In George Orwell’s novel 1984, there was a device called telescreens watching everything the citizens did. The government of Oceania, or Big Brother, forced the citizens to do what they want or they will be tortured and one day killed. Today, all Americans experience similar privacy invasions. Like The Party surveillance in 1984, the United States government watches and listens to citizens through technology such as Amazon Alexa devices, cell phones, and some computer monitors and cameras.
The American government listens to citizens in their own homes through Amazon Alexa devices or smart microphones, just as the party listened to citizens in 1984. According to Emmanuel Benzaquen, CEO of Checkmarx, having an Alexa is like having an intruder in one’s home (Faris par. 16). If an American has an Alexa in their home, the government never stops listening to their conversations. As stated by author Haley Edwards, “…smart microphones… are always on…” (par. 3). These devices are never completely shut down, so they are easily used as an eavesdropping device by the government. The citizens of Oceania had the same problems. In the novel, Winston and Julia discovered a telescreen in their room. Julia stated, “It was behind the picture.” Mocking her, the telescreen replied “It was behind the picture” (Orwell 197). Repeating every word, George Orwell led the readers to believe the telescreen was listening. In 1984, it is inferred that there are also microphones hidden around Oceania. Winston and Julia were in a secret place, they thought when Winston “wonders whether…there was a microphone hidden somewhere near” (Orwell 110). Since it was normal to see microphones around, Winston had a suspicion about there not being one. The American government uses smart microphones to listen to its citizens, just as The Party used telescreens in 1984.

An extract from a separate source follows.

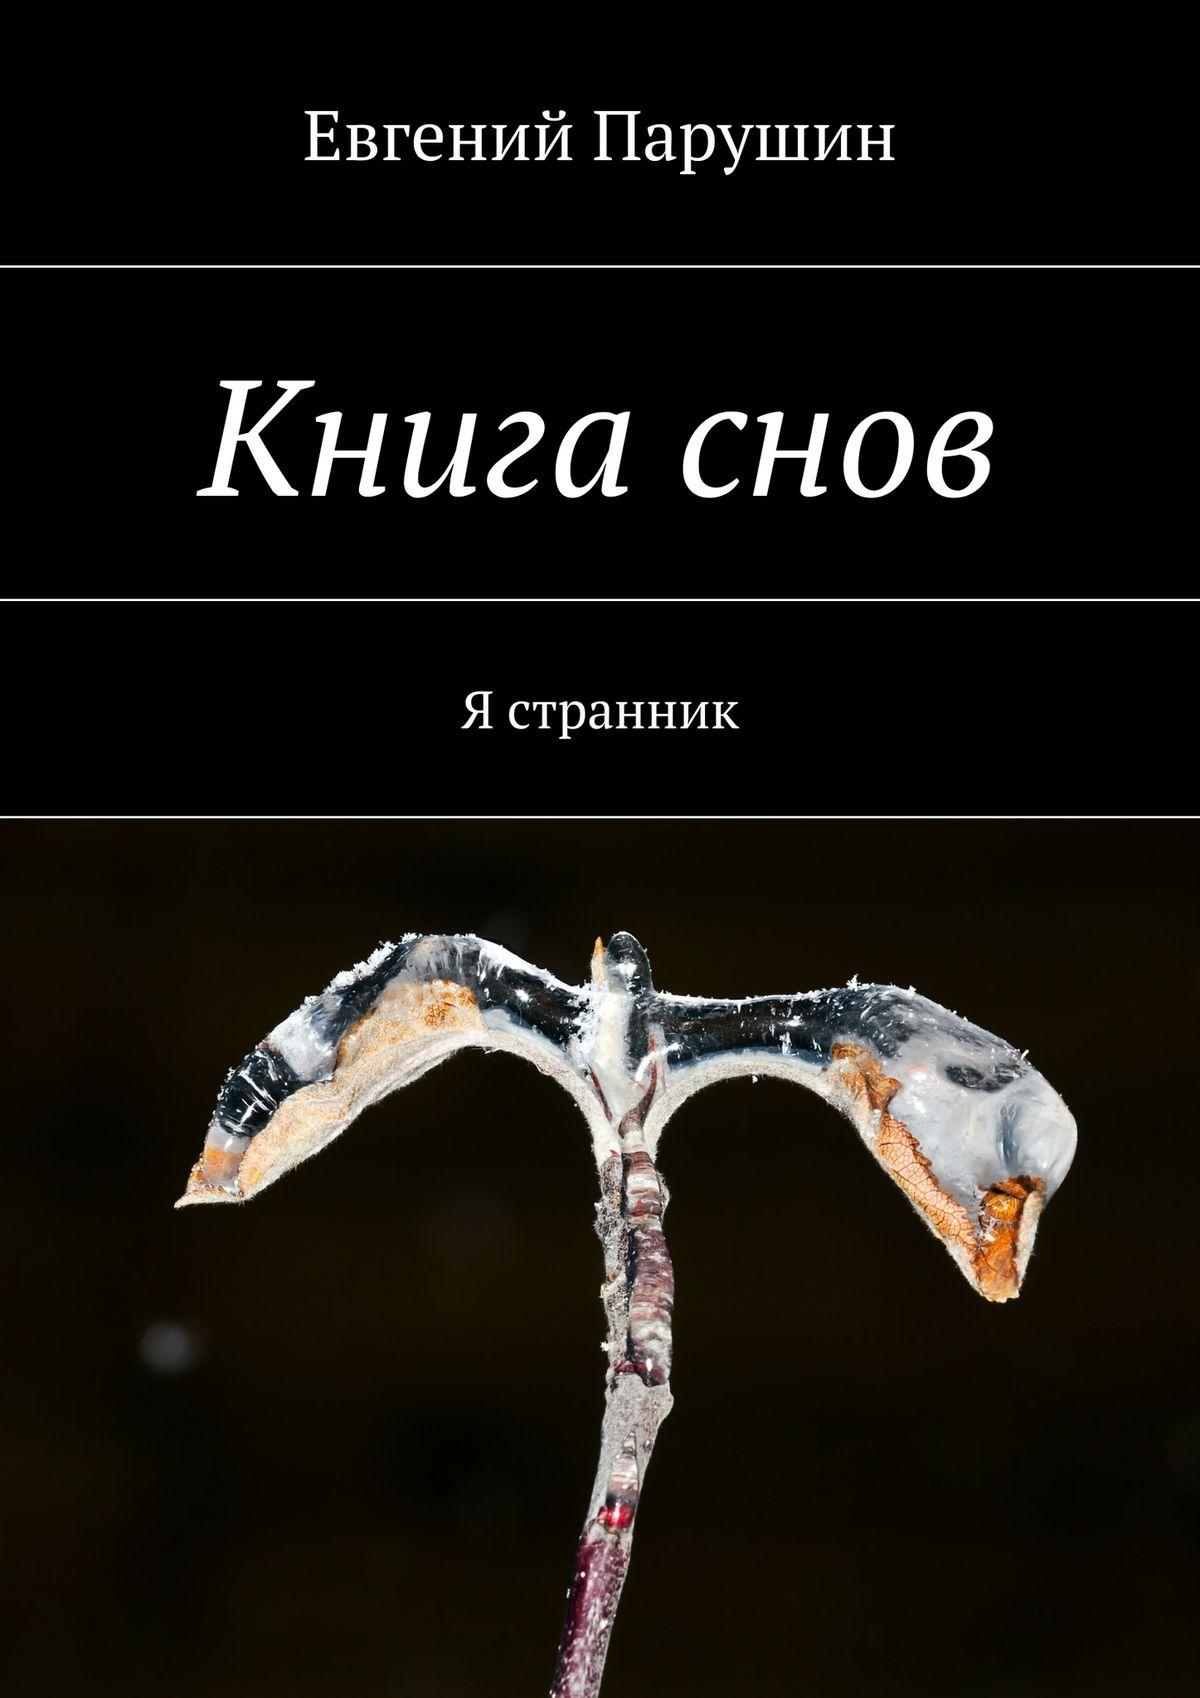 Евгений Парушин Книгаснов скачать книги по толкованию снов

The United States government watches citizens through cellular devices, as the Oceanian government in 1984 watched its citizens on telescreens. In America today, people have their cell phone with them anywhere they go. The government takes advantage of this and uses it to track citizens. If one’s cell phone is powered on, even if they are not using it, it can locate them and will tell anyone where they are (Reilly par. 1). Even when simply sitting around, a person is being monitored. According to Mark Peterson, an investigator at The Rochester Police Department, cell phones are causing a big increase in crimes, such as stalking (Fate par. 2). When people are able to locate someone, stalking is easy. In the novel, telescreens were everywhere. As Julia states after seeing the telescreen, “now they can see us…” (Orwell 197). This is one example of Orwell informing the readers how the telescreen watched citizens as well. Citizens of Oceania are always being monitored, either secretly or publicly. As explained in 1984, “A Party member lives from birth to death under the eye of the Thought Police” (Orwell 187). The citizens have no chance of privacy because from the day they are born the government is observing. The United States government has access to knowing where one is and where they are going, just as the Party did in 1984.
Americans are spied on daily by their government through computer monitors and cameras, in the same way, the Party spies on its members through telescreens. According to Eddie Guy, he purchased a web surf blocking device so people could not track his searches. It detected almost 16,000 efforts of spying in one month (Golbeck par. 2). In only a short period of time so much privacy invasion happened. As this source shows, a large number of people are watching Americans through their web searches. The government is very cautious about things being erased. In the article, Guy tells of a psychiatrist named Andrew Feldmar who was trying to cross the border in 2006. They decided to look for his identity on the internet, and quickly found information stating he was a drug user in 1960 (par. 14). As shown in this source, the government is able to find things which date back many years. Just as The United States government is always watching Americans, in 1984, “Big Brother is Watching You” (Orwell 1). As the propaganda shows, Party members are always surveilled by Big Brother. Even though party members know Big Brother watches them, it could be a secretive act. A member of the Thought Police tells Winston, “For seven years I have watched you” (Orwell 217). Winston thought he was hiding from Big Brother when with Julia, but the Thought Police state otherwise. Governments, past and present observe their citizens privately or publicly through technology such as computers and telescreens.
Governments leave no privacy to their citizens, as shown in 1984 and America today. Whether it is watching or listening, private conversations no longer exist. Americans are monitored through technology such as Amazon Alexa, cell phones, and computer monitors and cameras by their government, just as The Party used telescreens in 1984.